A China afirma ter descoberto um novo estado da matéria no núcleo da Terra — e isso resolve um grande enigma

Resumo rápido: a China publicou em dezembro de 2025 uma experiência que reproduziu as condições do núcleo interno e identificou um novo estado da matéria ali presente. A descoberta ajuda a explicar um antigo enigma sísmico: como o centro da Terra pode ser ao mesmo tempo rígido e surpreendentemente flexível.

Olha, basta imaginar a equipa do laboratório como uma oficina onde se recriam pressões absurdas para ver o que realmente acontece debaixo dos nossos pés.

Como a China detectou o novo estado da matéria no núcleo da Terra

Equipes da Universidade de Sichuan e do Instituto de Geoquímica da Academia Chinesa de Ciências simularam condições de cerca de 33 milhões de atmosferas e temperaturas equivalentes às do centro da Terra. Os testes permitiram observar diretamente uma liga ferro-carbono em que o carbono se move livremente através de uma estrutura de ferro rígida.

Pronto: esse comportamento foi documentado num artigo publicado na National Science Review e confirma previsões teóricas feitas desde 2022.

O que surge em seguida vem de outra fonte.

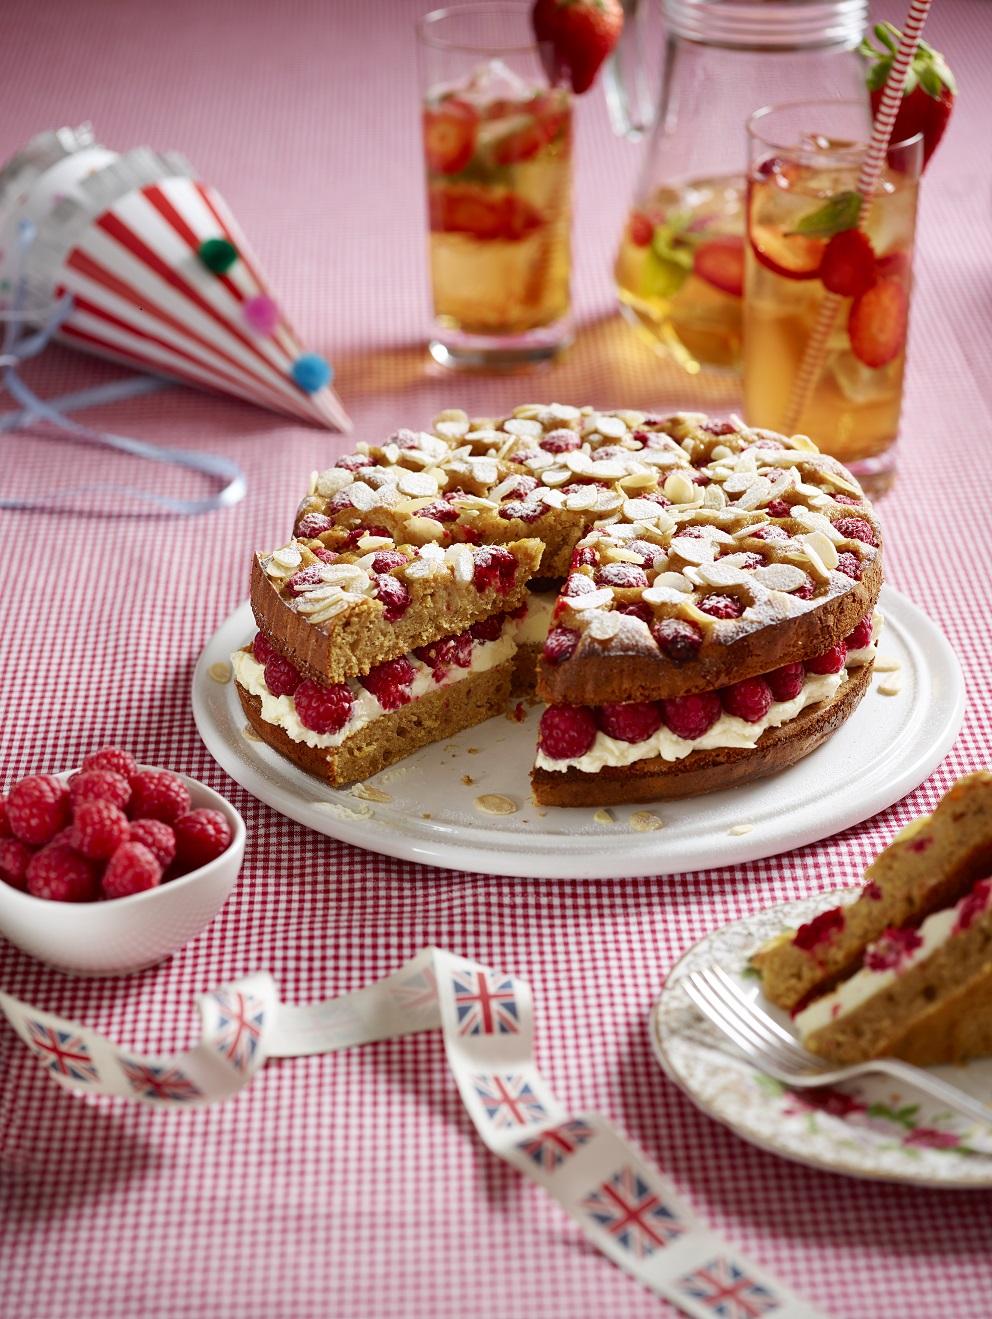 Potter's British Raspberry, Apricot And Almond Cake

O que é o estado superiônico e por que isso muda a sismologia

No estado superiônico coexistem ordem estrutural e mobilidade atómica. O carbono atua como um fluido dentro de uma rede metálica estável, o que reduz a velocidade de cisalhamento das ondas sísmicas.

Como explicar isso no terreno? Marta, uma geóloga fictícia de Braga, lembra que amostras e modelos antigos falhavam em reconciliar firmeza e maleabilidade do núcleo. Agora há uma explicação física que encaixa com dados sísmicos observados há décadas.

Esse achado dá sentido a anomalias sísmicas e abre caminho para melhorar previsões de dinâmicas internas que influenciam tremores e atividade vulcânica.

Implicações práticas e curiosas do novo estado da matéria no núcleo

Além de geofísica, o conceito inspira materiais com partes móveis dentro de redes rígidas — lembra as experiências europeias com nanopartículas e grafeno que mostram fases híbridas. Isso pode influenciar ligas metálicas e tecnologias magnéticas no futuro.

Tu perguntaras: isso muda o campo magnético? Indiretamente pode, porque a dinâmica interna afeta a convecção e, por fim, a geração magnética do planeta.

Insight final: entender o estado superiônico é chave para ligar modelos teóricos a sinais sísmicos reais — e oferece novas ideias para materiais avançados.